··· Data for analysis

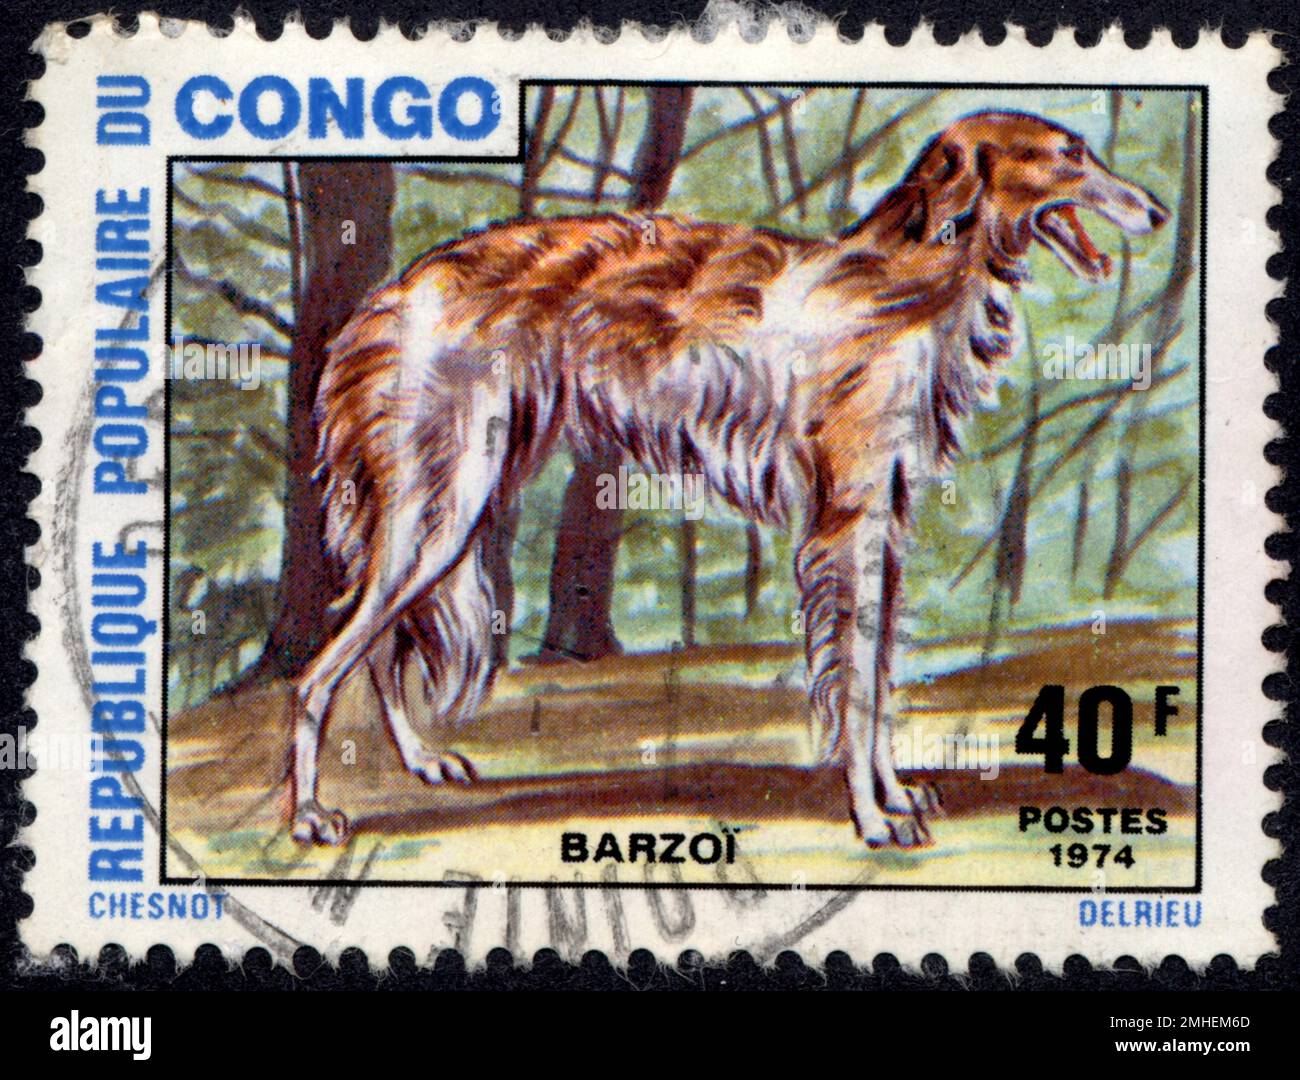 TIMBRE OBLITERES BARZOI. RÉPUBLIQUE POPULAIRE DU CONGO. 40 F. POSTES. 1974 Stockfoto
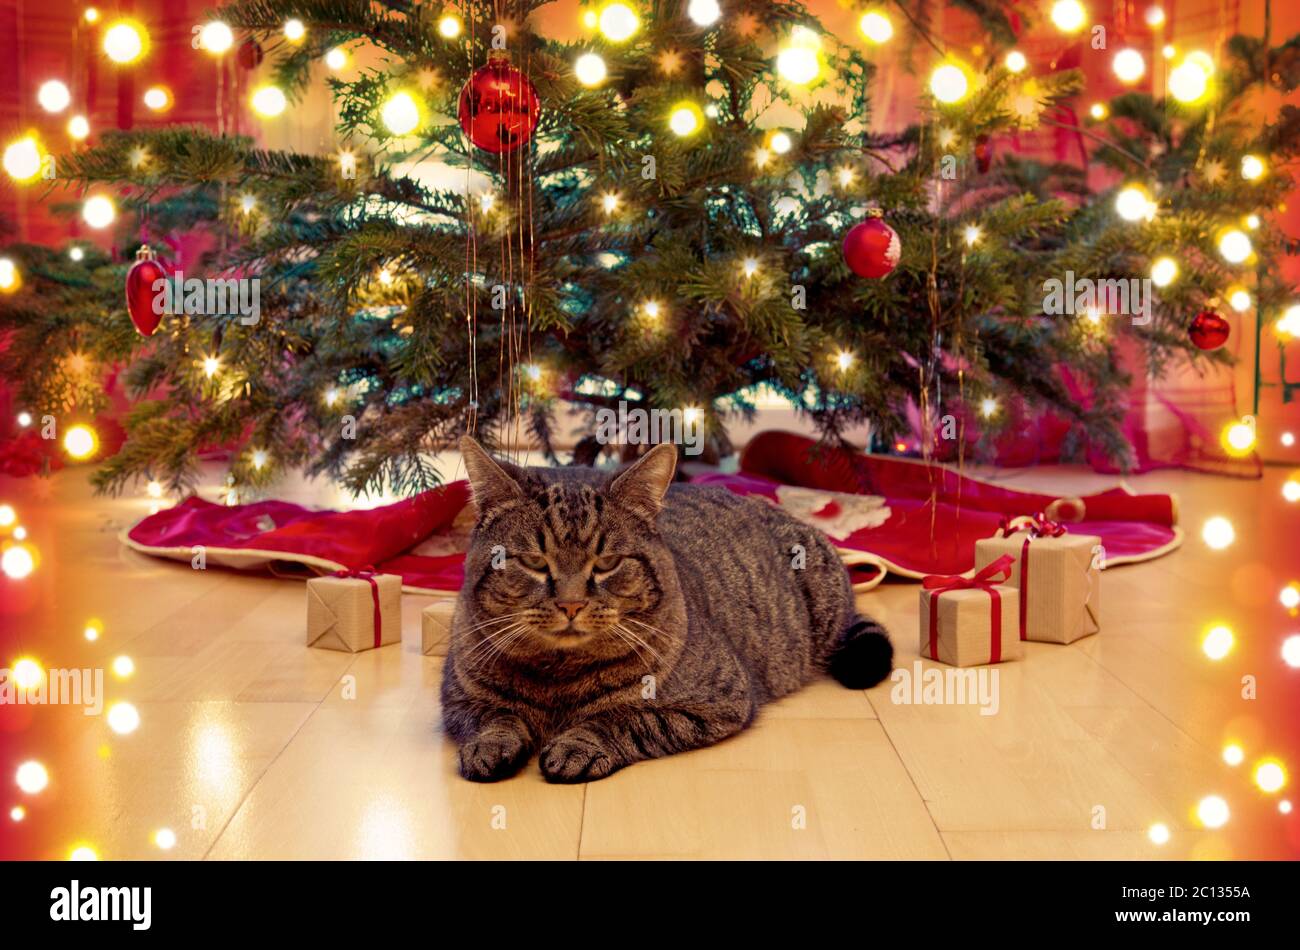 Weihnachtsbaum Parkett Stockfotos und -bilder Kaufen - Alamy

······
··· Data for analysis

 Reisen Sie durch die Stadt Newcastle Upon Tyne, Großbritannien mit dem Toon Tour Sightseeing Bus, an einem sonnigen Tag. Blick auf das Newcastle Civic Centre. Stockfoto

······

▶ Work instructions
Leave the pictures out, and transcribe exactly the lines above starting at the one that contains "TIMBRE OBLITERES BARZOI." and ending at the one that contains "Weihnachtsbaum Parkett Stockfotos".

▶ Result of this exercise
 TIMBRE OBLITERES BARZOI. RÉPUBLIQUE POPULAIRE DU CONGO. 40 F. POSTES. 1974 Stockfoto
 Weihnachtsbaum Parkett Stockfotos und -bilder Kaufen - Alamy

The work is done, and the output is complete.